A note to all who attended this trip:
Closely examine the rocks you took home from this trip with a hand lens or microscope of at least 10X power. Most of the best finds from these layers are too small to be spotted with the naked eye!


This site is also famous for shale and bryozoan nodules that have holdfasts of the very large crinoid Anamolocrinus on BOTH sides of the nodules! One was found this trip! (Above showing both sides). This is particularly meaningful to science, because it indicates the cobble was tossed by the rough Ordovician Ocean currents and has repeatedly been encrusted by epizoans (encrusters).    


Other crinoids found today include nice sized crinoid calyxes of Ectenocrinus simplex, pictured above with it's proud finder. 


Smaller specimens of Ectenocrinus simplex were also found.


Here's a VERY nice find.
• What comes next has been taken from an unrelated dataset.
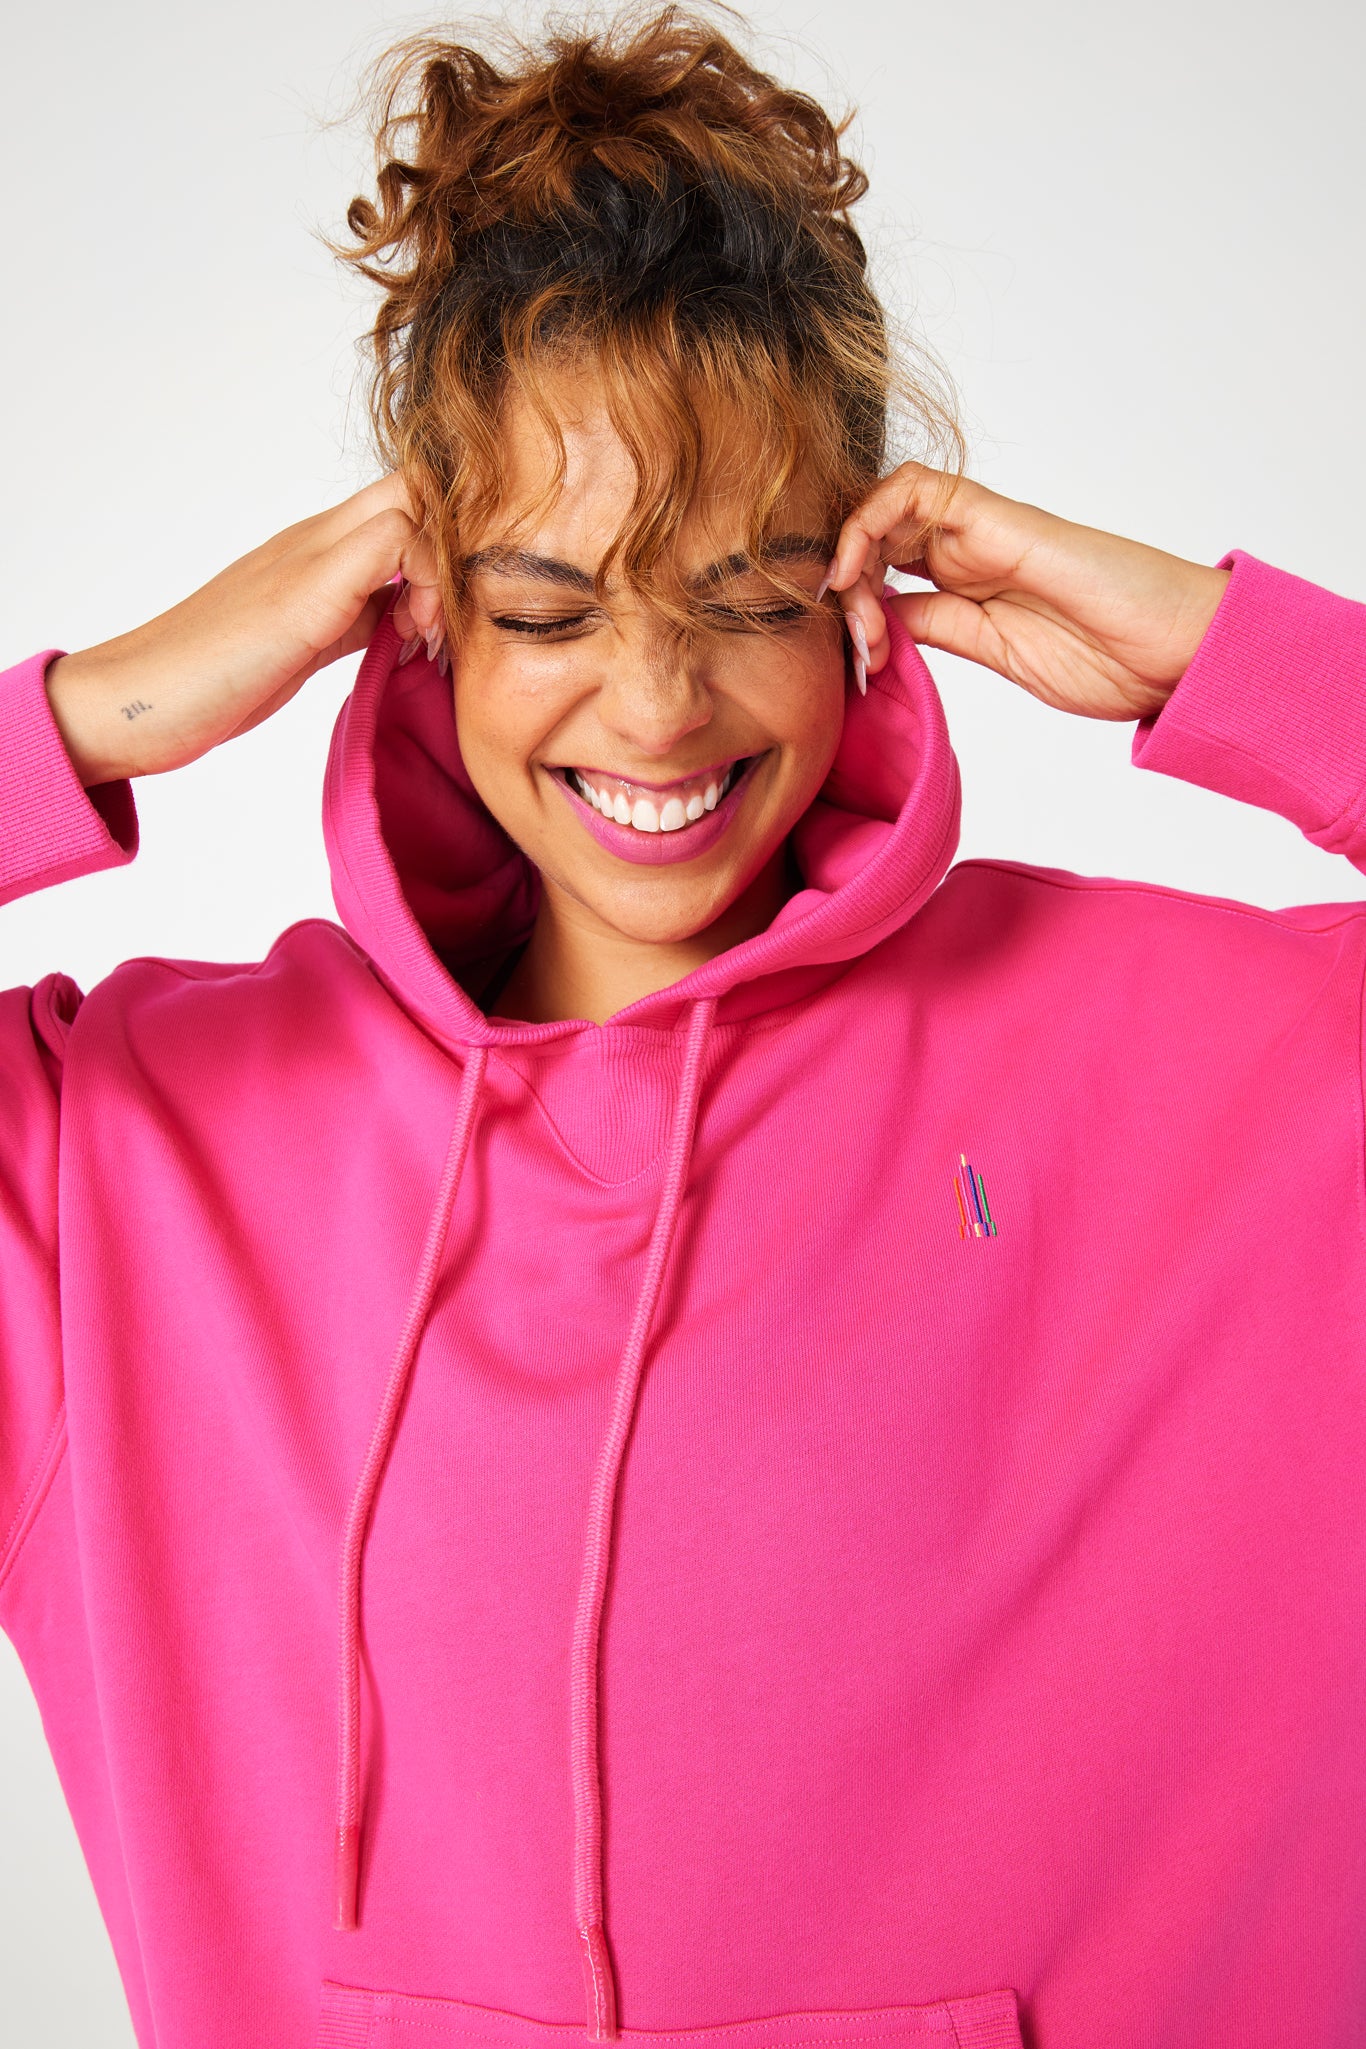 Sexy Dance Womens Tops Long Sleeve Pullover Crew Neck Sweatshirt Fashion  Tee Graphics Printed Shirt Pink XL

It's a Cincinnaticrinus varibrachialus in shale with a long stem and arms that are not often preserved. This specimen will look exceptionally nice when it is carefully cleaned up. I'll bet Jack Kallmeyer (President) would like to pocket this one!

 
The massive crinoid stems on some of these rocks really stand out due to the difference in color, as shown in the specimen above.


Here is a very unusual item found that day. I have no idea what it is, but it may be a rare Echinoderm and must be very uncommon. It might be a carpoid! Or it could be a new variety of an algae similar to Receptaculites that has recently been found at a neighboring site. No mater what this thing is, it's a great find!  


And, of course, we found an abundance of molluscs. Here's a nice, big Nautiloid Cephalopod.


This site contains a few layers of fossil hash. Here's a really nice rock with All kinds of things on it, including crinoid stems, Flexicalymene trilobite and Isotelus trilobite molt parts (see big Isotelus thorax segment in the first of these two pictures. The second picture shows a closeup of a really nicely preserved pelecypod (clam). This one is probably of the genus Ambonychia.